Marietjie's mum enjoyed sewing and during the 80's she attended Knitwit classes for home dressmakers, which taught quick and easy ways to work with knit and stretch fabrics. They also exchanged fast and easy recipes, and this recipe was known as Knitwit Bran Rusks.
The first version of the recipe is for a very small batch of sunflower, pumpkin and sesame seed bran rusks, baked in a 200 mm square cake pan. Of course you can easily double the recipe (and bake it in a larger pan).

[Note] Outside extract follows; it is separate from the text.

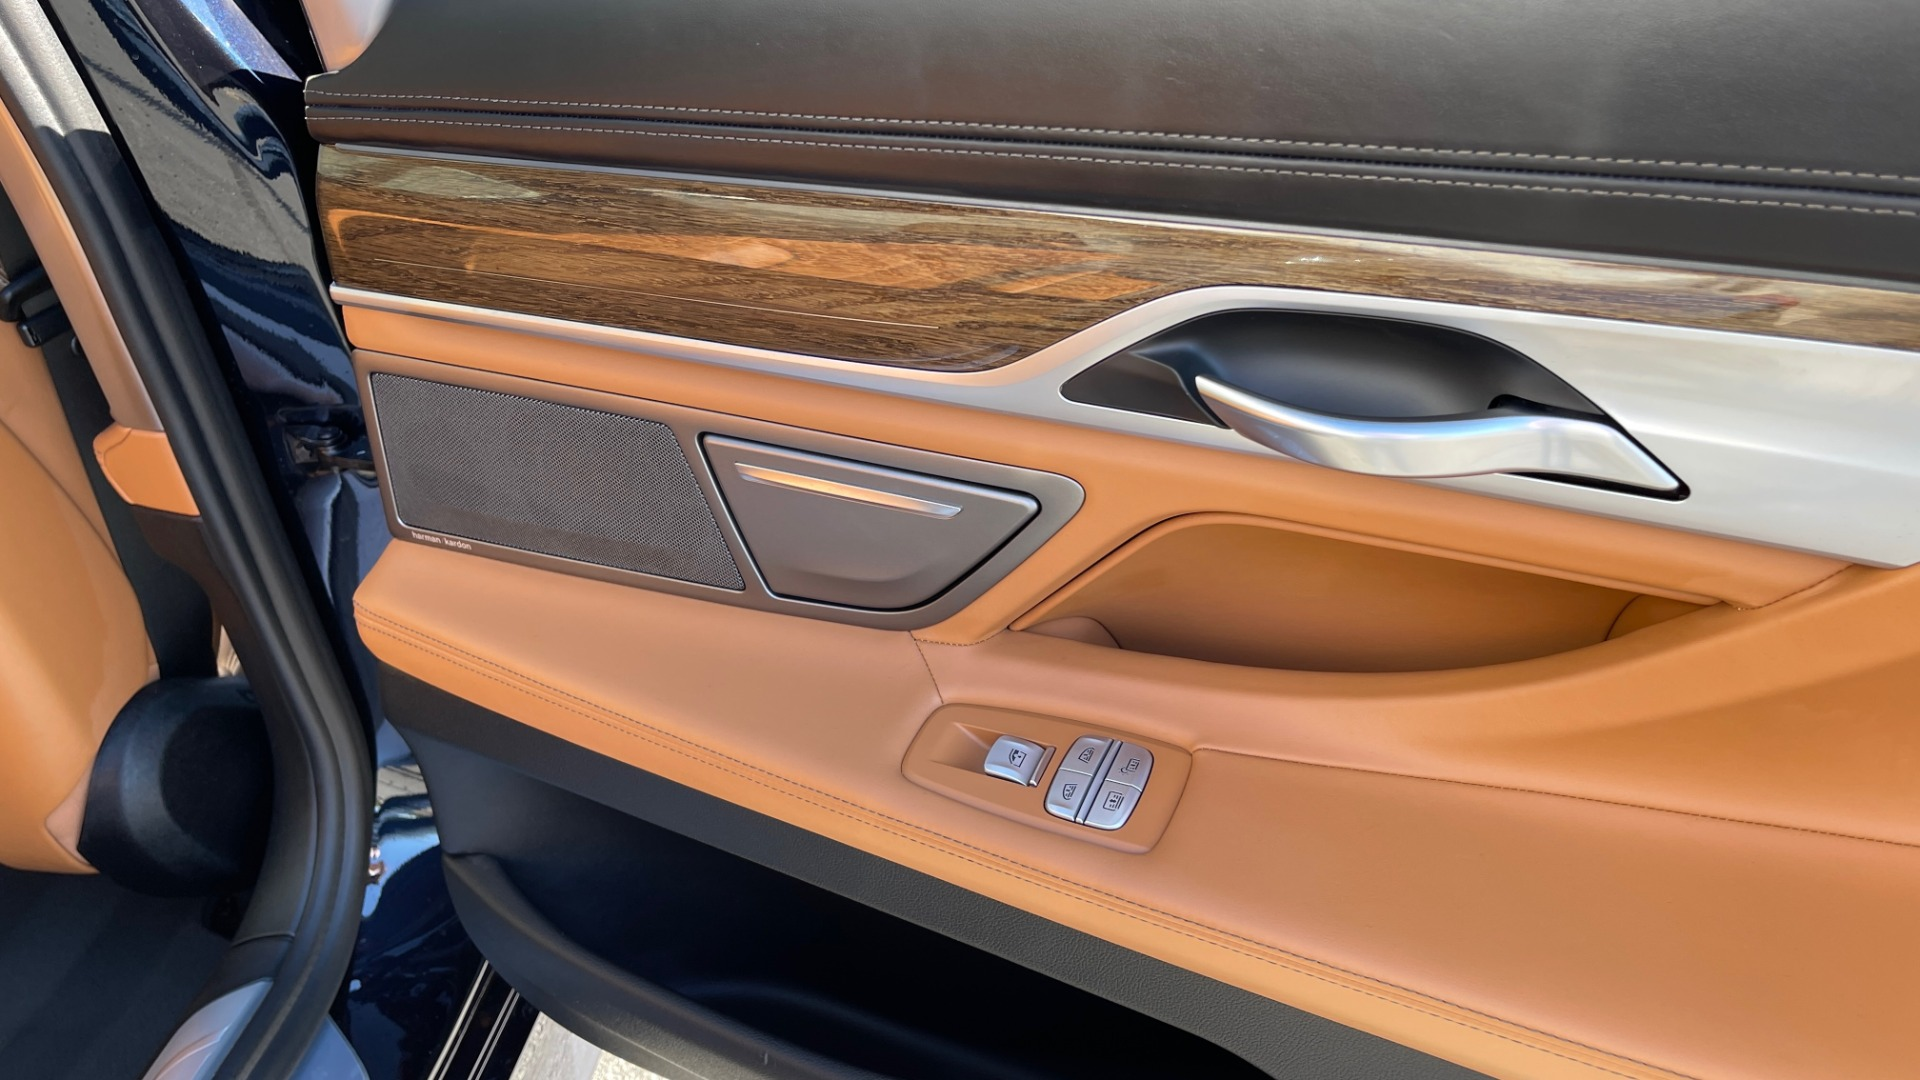 Used 2019 BMW 7 SERIES 750I XDRIVE M-SPORT / EXEC PKG / DRVR ASST PLUS / CLD WTHR / PAR for sale $60,995 at Formula Imports in Charlotte NC 28227 50

The second version is the original family-sized sunflower seed and bran rusk recipe, which is baked in a Swiss roll pan.
Marietjie’s small batch of seed and bran Knitwit rusks
- 2 tablespoons (30 ml) sunflower seeds
- 2 tablespoons (30 ml) pumpkin seeds
- 2 tablespoons (30 ml) sesame seeds
- 125 gram butter
- 3/4 cup (180 ml) brown sugar
- 3/4 teaspoon (4 ml) salt
- 250 ml ultra pasteurised cream (Ultramel cream in South-Africa, Anchor long life cream in NZ)
- 3 cups (750 ml) wheat bran
- 2 cups (500 ml) self-raising flour
Original Knitwit bran rusks
- 6 cups (1.5 litre) wheat bran
- 4 cups (1 litre) self-raising flour
- 1½ cup (375 ml) brown sugar
- 1½ teaspoon (7 ml) salt
- 500 ml ultra pasteurised cream (Ultramel cream in South-Africa, 2 x 250 ml Anchor long life cream in NZ)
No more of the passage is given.